Information |
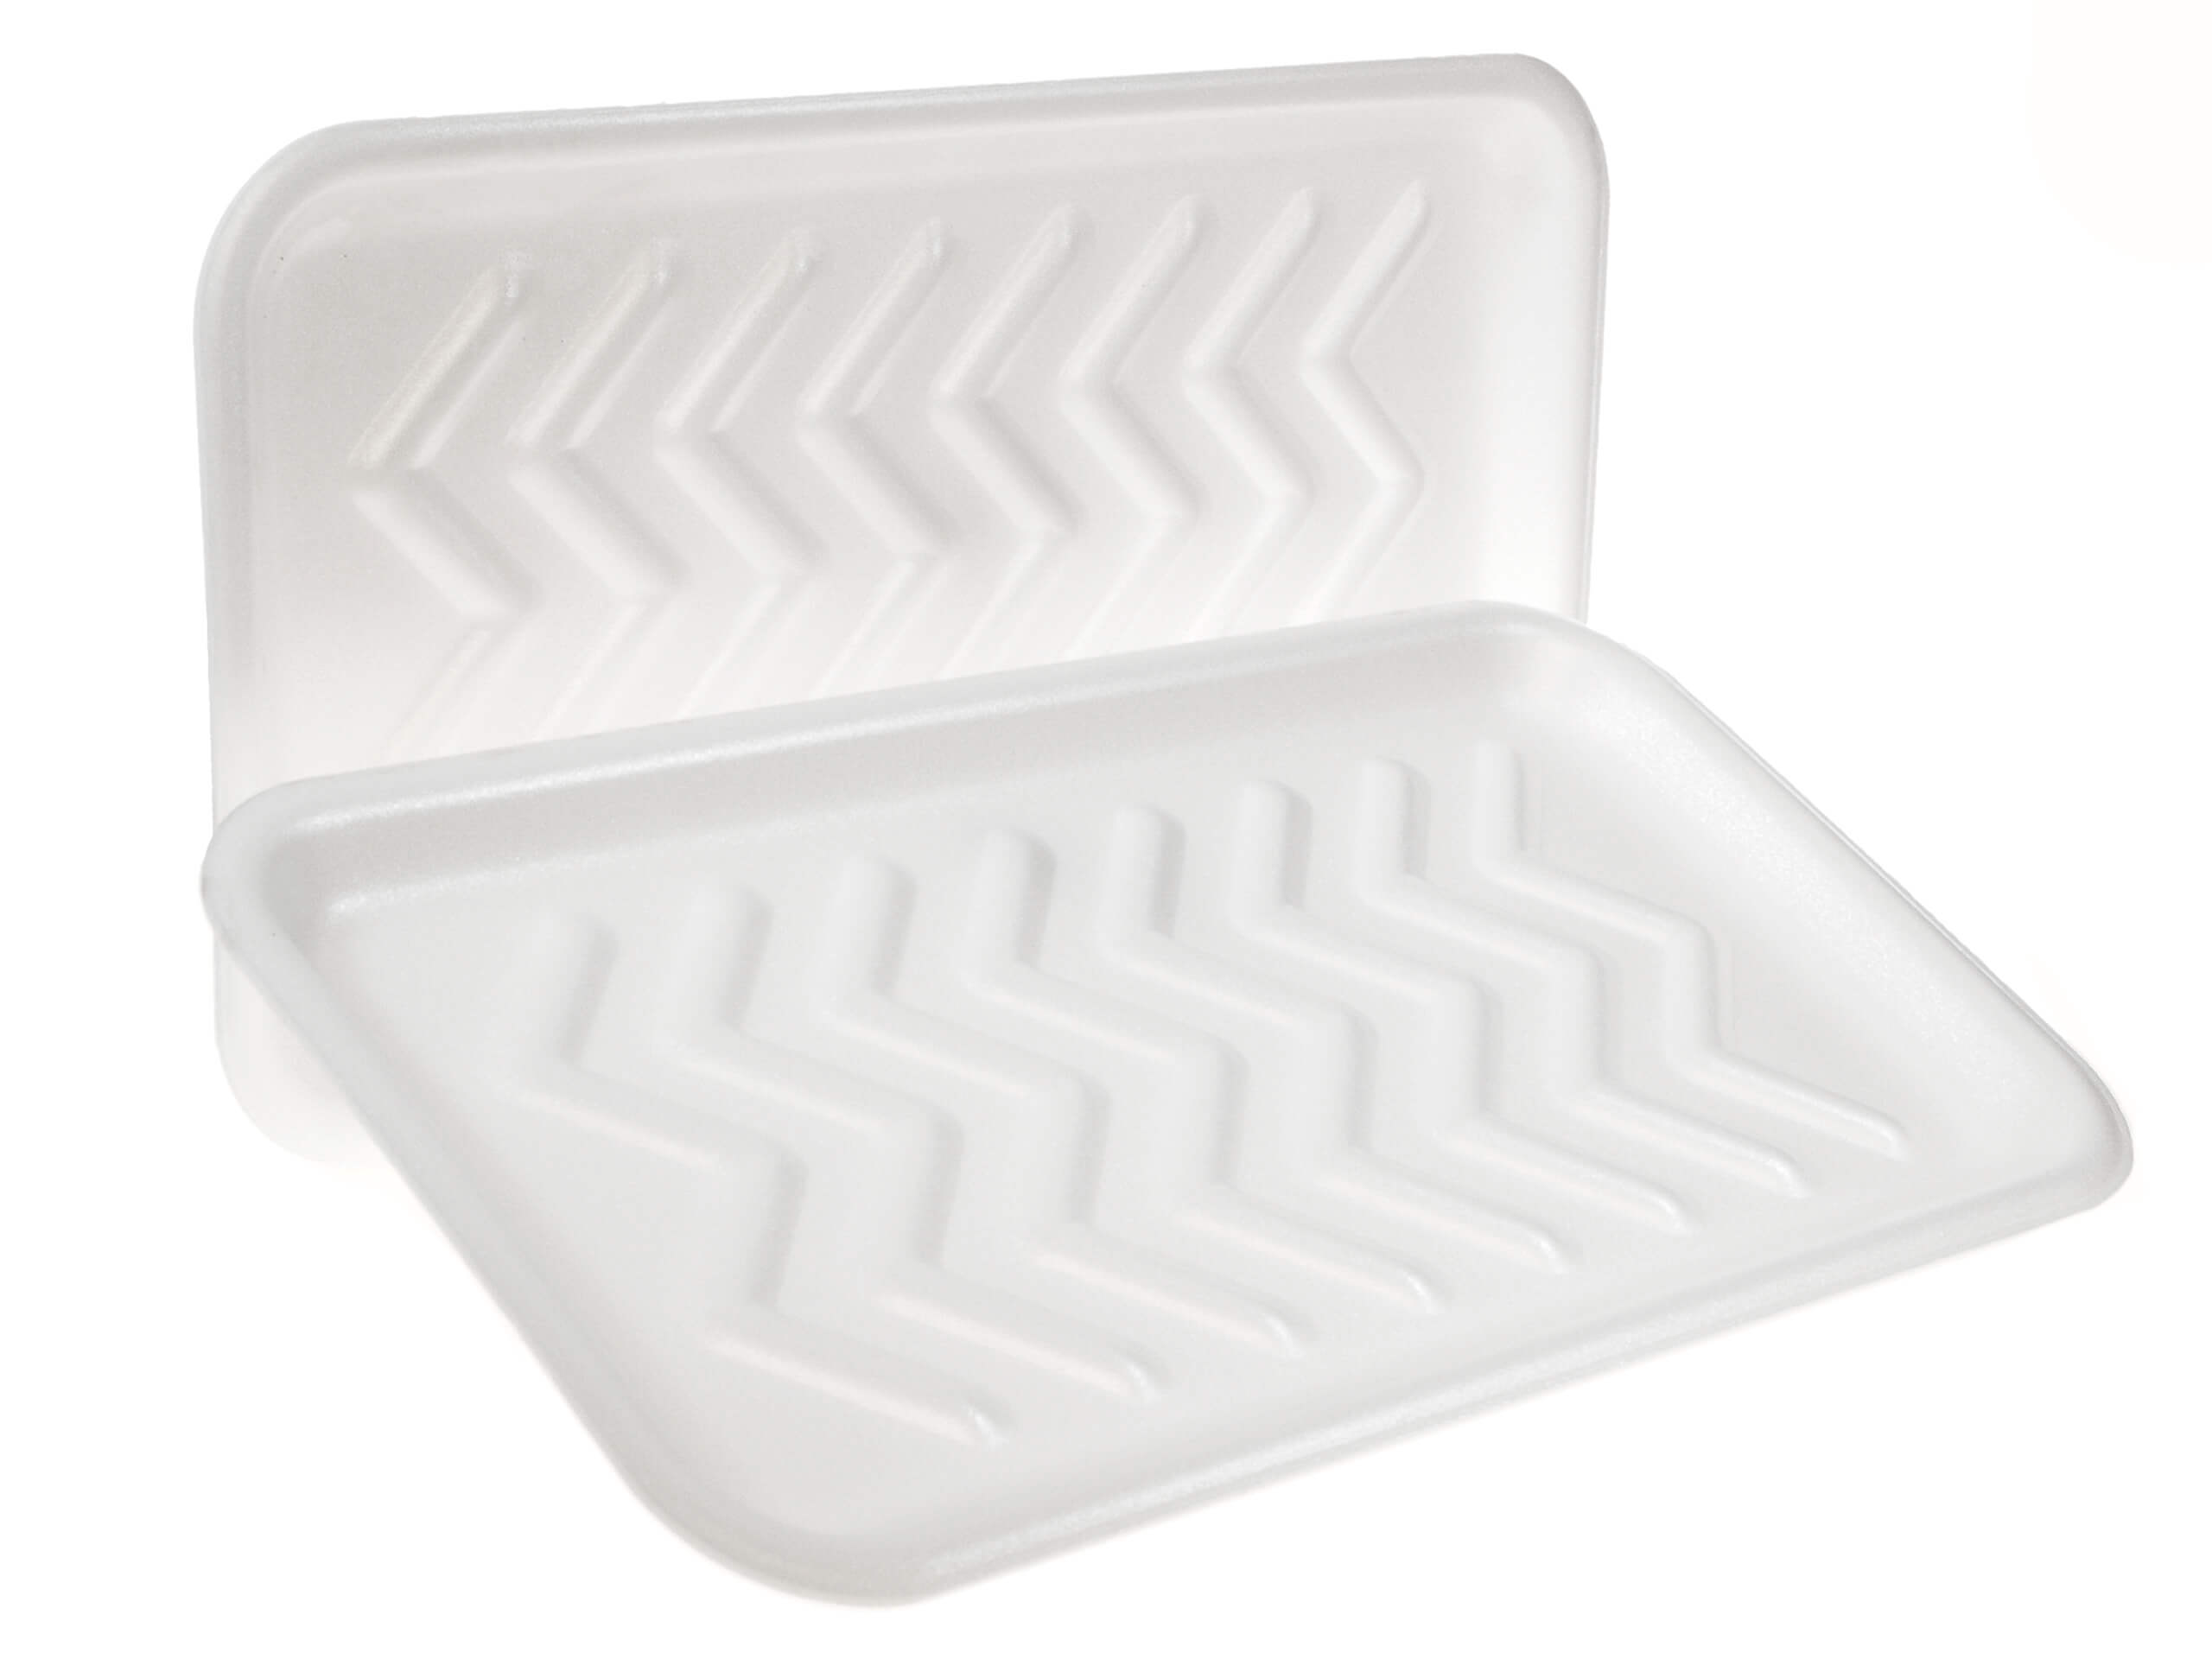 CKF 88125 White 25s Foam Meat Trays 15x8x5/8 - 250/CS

...

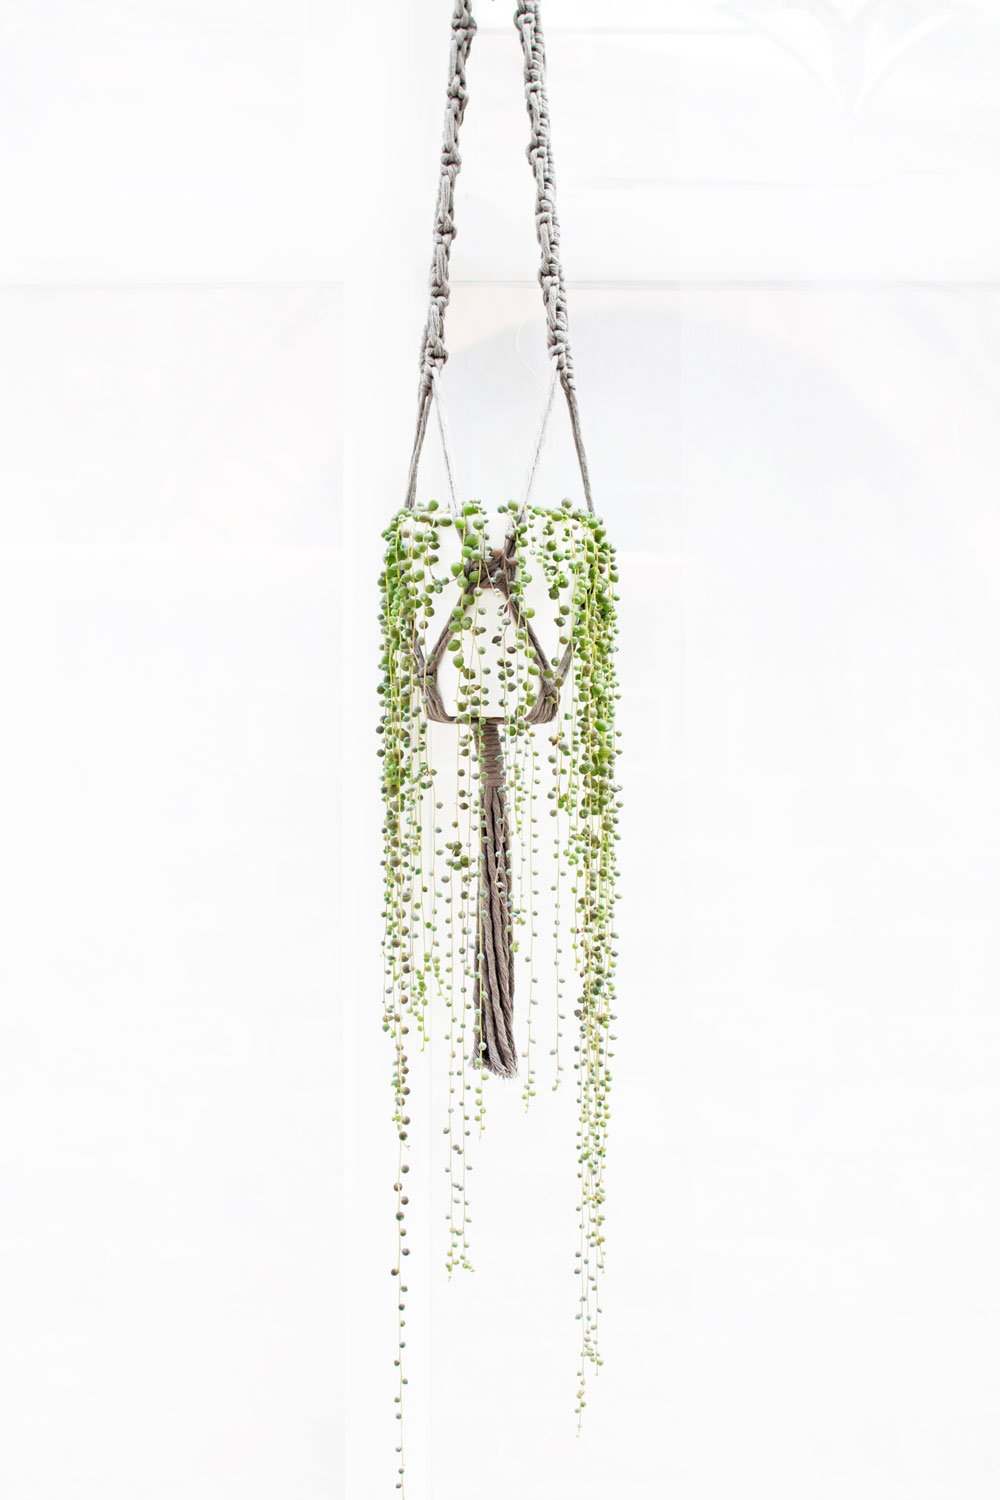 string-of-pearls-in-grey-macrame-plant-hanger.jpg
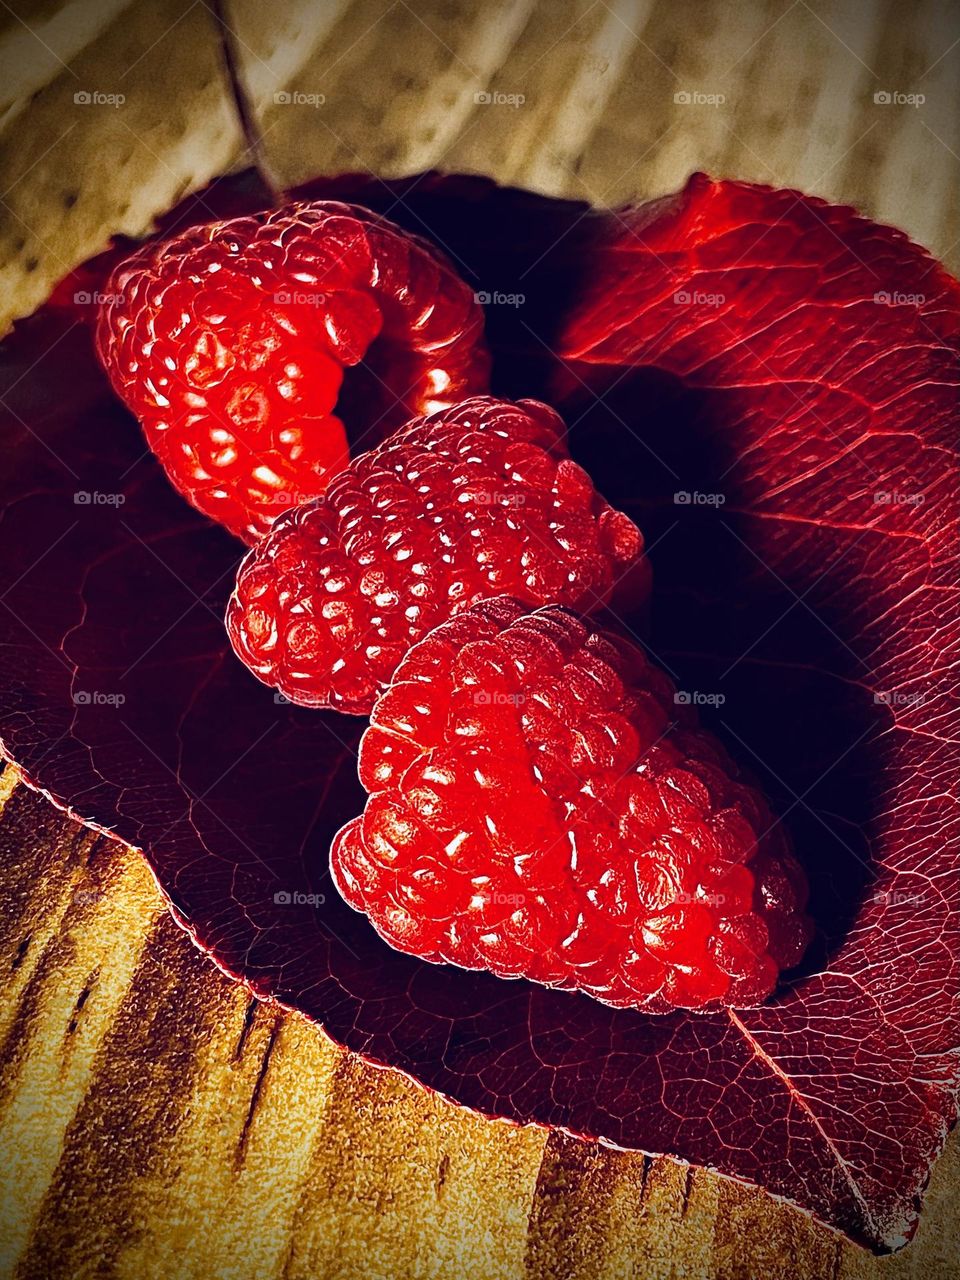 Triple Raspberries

What the exercise asks |
In the listing above, the required lines run from the line with "string-of-pearls-in-grey-macrame-plant-hanger.jpg" through the line with "Triple Raspberries". Output exactly those lines, omitting pictures.

Exercise response |
 string-of-pearls-in-grey-macrame-plant-hanger.jpg
 Triple Raspberries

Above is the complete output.